On March 8, 2012, LiqTech International, Inc. (“LiqTech”) announced that it had completed the initial closing of the previously announced registered public offering of its common stock.
As part of the initial closing, LiqTech issued 2,511,500 shares of its common stock in a registered direct placement of its shares at a per share price of $3.25. The net proceeds to LiqTech from the initial closing are approximately $7.4 million. LiqTech intends to use the net proceeds from the offering for the development and marketing of its products, the engineering, development and testing of its membranes, and the opening of local sales offices in certain countries outside of the U.S. and Denmark. Pending application of such proceeds, LiqTech expects to invest the proceeds in short-term, interest-bearing, investment-grade marketable securities or money market obligations.

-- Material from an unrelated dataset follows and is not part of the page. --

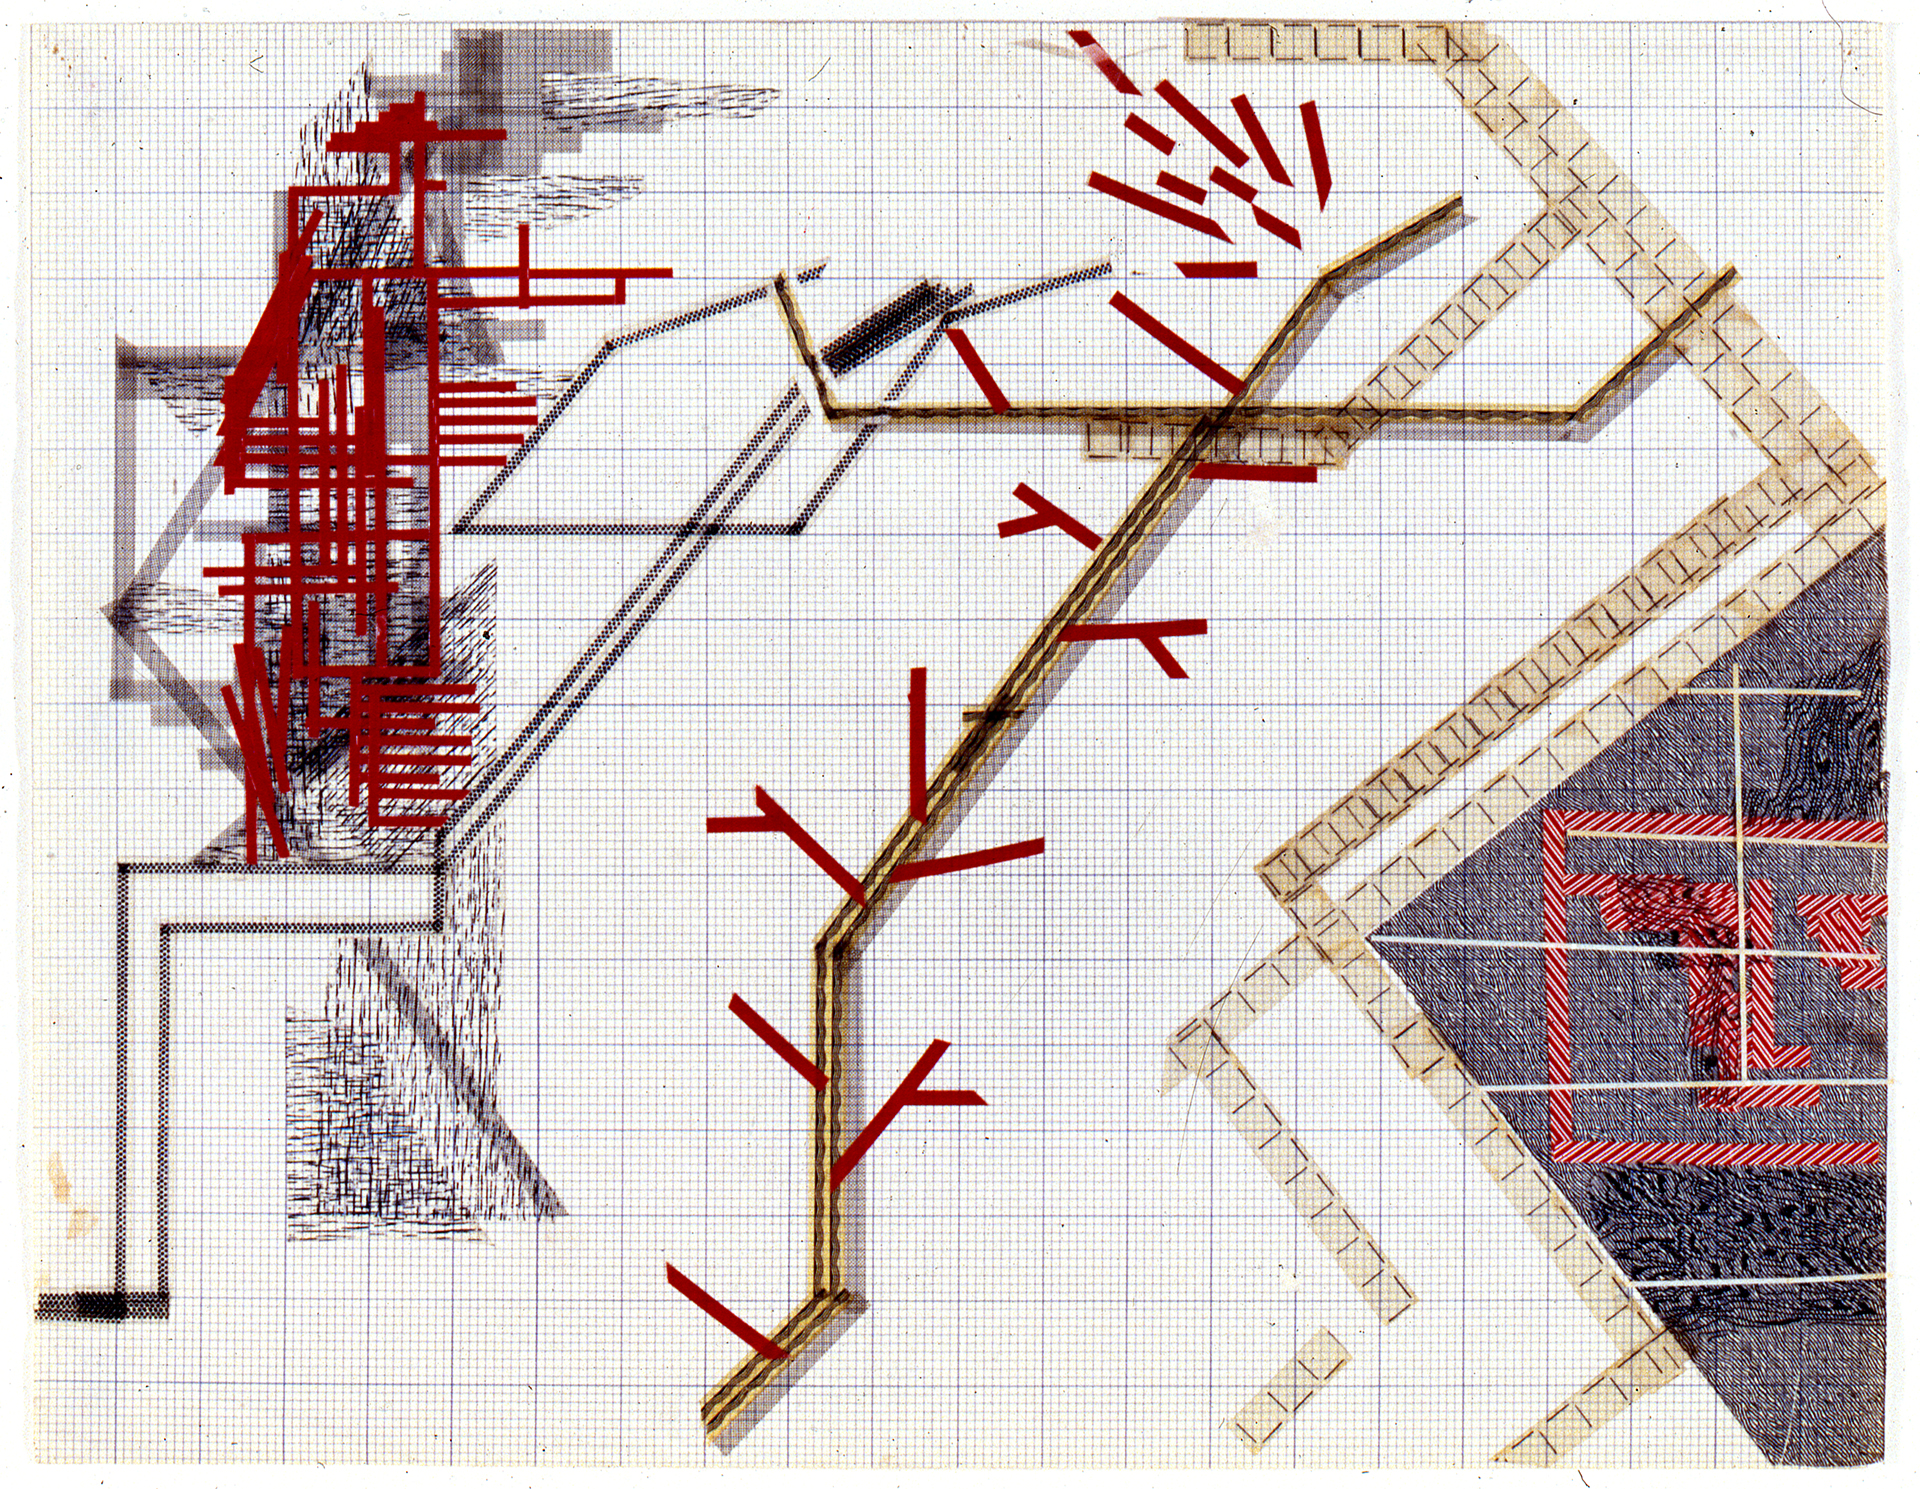 Drawing for Prototypes, 1979

Sunrise Securities Corp. acted as the exclusive placement agent for this transaction.
As part of the compensation for the placement agent, LiqTech has also issued to the placement agent and certain of its agents for $100, warrants to purchase an aggregate of 125,575 shares of LiqTech’s common stock (equal to 5% of the shares of common stock sold by the placement agent and its agents in the offering). The warrants will have an exercise price equal to $4.06 (or 125% of the offering price of the shares sold in the offering) and may be exercised on a cashless basis. The warrants are exercisable for a period of five years commencing after the effective date of the registration statement related to the offering. The warrants are subject to a lock-up restriction for 180 days pursuant to FINRA Rule 5110(g). The warrants are not redeemable by LiqTech.
The description of terms and conditions of the transactions described above do not purport to be complete and are qualified in their entirety by the full text of the placement agency agreement and the form of placement agent warrant, which are attached hereto as Exhibits 10.1 and 4.1, respectively, and are incorporated herein by reference.
Our press release is attached hereto as Exhibit 99.1 and is incorporated herein by reference.
Item 9.01 Financial Statements and Exhibits.
Exhibit No. | | Description |
4.1 | | Form of placement agent warrants. |
10.1 | | Placement Agency Agreement, dated March 2, 2012, by and between LiqTech International, Inc. and Sunrise Securities Corp. |
99.1 | | Press Release dated March 8, 2012. |
SIGNATURES
Pursuant to the requirements of the Securities Exchange Act of 1934, the Registrant has duly caused this report to be signed on its behalf by the undersigned hereunto duly authorized.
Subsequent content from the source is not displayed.